De grootte van sensor hangt niet samen met de maximum resolutie: er zijn zowel kleine sensors (GoPro Hero4) die 4K kunnen registreren, als Full-frame-sensors.
Al zal de grote sensor, per pixel meer beeldinformatie kunnen opnemen dan de kleine. Daarom zijn grootsensor-camera’s ook vaak beter in low-light-situaties, met minder ruis tot gevolg.
Over het algemeen geldt dat goedkope (consumer en prosumer) camera’s kleine sensoren bevatten, terwijl duurdere (vb. cinema-camera’s) over grote sensoren beschikken.

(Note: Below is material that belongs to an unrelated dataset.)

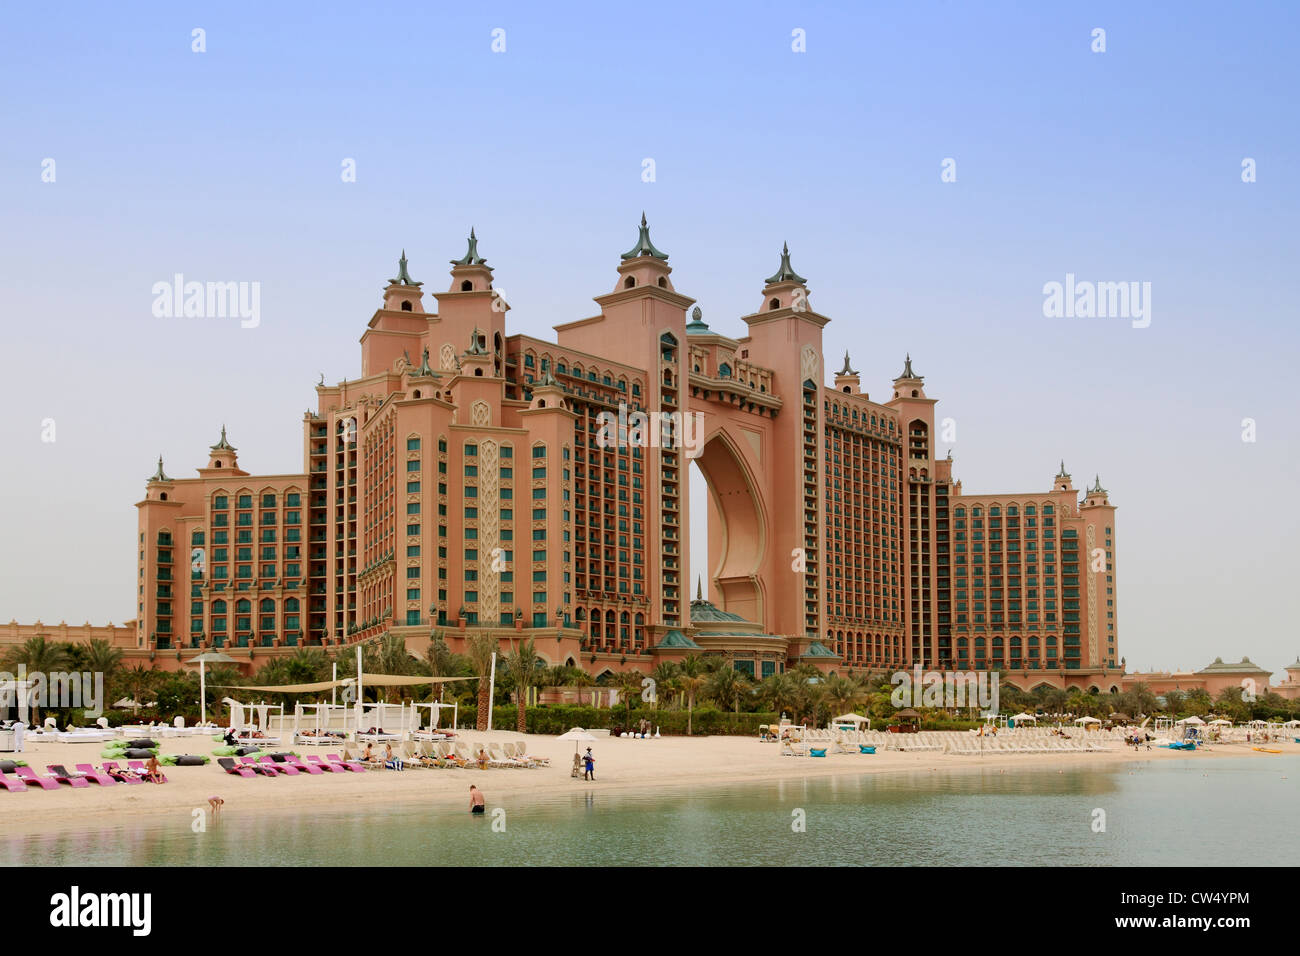 3672. H Atlantis, Palm Jumeirah, Dubai, UAE. Stock Photo

Ter info: smartphones hebben een erg kleine sensor, en zullen wss nooit de beeldkwaliteit van professionele camera’s kunnen evenaren.
De sensorgrootte van een camera heeft ook impact op de brandpuntsafstand. Dezelfde 35mm-lens geeft een meer groothoek resultaat op een Full-frame-camera, en een meer ingezoomd kader op een kleinsensor-camera. Dit noemt men ‘crop factor’

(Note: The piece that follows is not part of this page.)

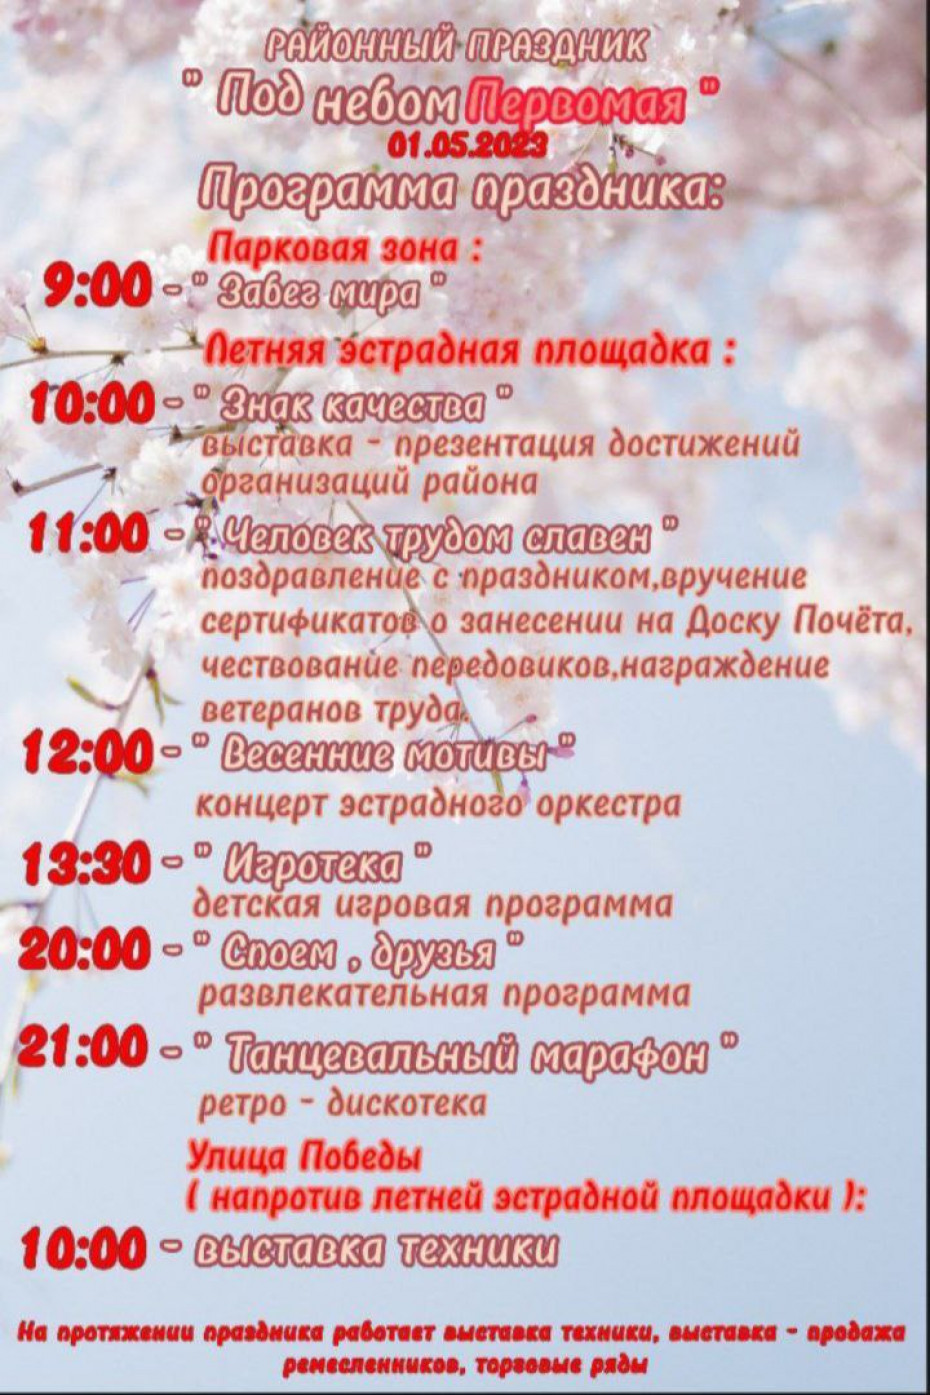 Программа праздничных мероприятий 1 мая в г.п. Зельва

De JVC GY HM250 prosumer camera heeft een relatief kleine sensor. Eén van de rechtstreekse gevolgen is een redelijk ‘plat’ (flat) ogend beeld, en een grote scherptediepte (behalve in tele-stand). Spelen met scherptediepte gaat moeizamer dan bij Full-frame spiegelreflex-toestellen.
Sommige mensen zeggen dat full frame sensors het ‘kleinere scherptediepte’-effect krijgt, maar omdat je (door crop factor) vaker telelenzen gebruikt op zo’n camera’s, is dit mogelijk slechts perceptie, en is de realiteit dat de brandpuntafstand van de lens meer ‘bokeh’ veroorzaakt;
Een erg interessant artikel over de rol van sensors in video, vind je op videomaker.com

4.2.3 Lenzen
Er zijn twee soorten videocamera’s: mét of zonder vast ingebouwde lens. Beide types camera hebben hun voor- en nadelen, en specifieke kenmerken.
Naast het onderscheid verwisselbare lens of vaste lens, hebben we zoomlenzen en lenzen met vaste brandpunt-afstand (primes).
Alle professionele camcorders, maar ook een aantal prosumer camcorders, hebben verwisselbare objectieven. De cameraman kan dus kiezen voor een zoomobjectief met andere kwalificaties of voor een vaste- niet zoombare- lens. Over het algemeen wordt bij nieuws- en achtergrondreportages een standaard objectief gebruikt met zoomoptie en extender.
Sommige lenzen, zoals deze Canon cinema zoom, zijn heel erg duur.
4.2.3.1 Brandpuntafstand
Brandpuntafstand (uitgedrukt in mm) is een term uit de optiek, en betekent in praktijk de zoomverhouding van een lens. Des te lager het getal (vb. 16mm), des te meer een lens een groothoekbeeld kan weergeven op de camera. Hoe kleiner de ‘brandpuntafstand’, hoe groter de beeldhoek. Deze terminologie komt overeen met deze vanuit de fotografie.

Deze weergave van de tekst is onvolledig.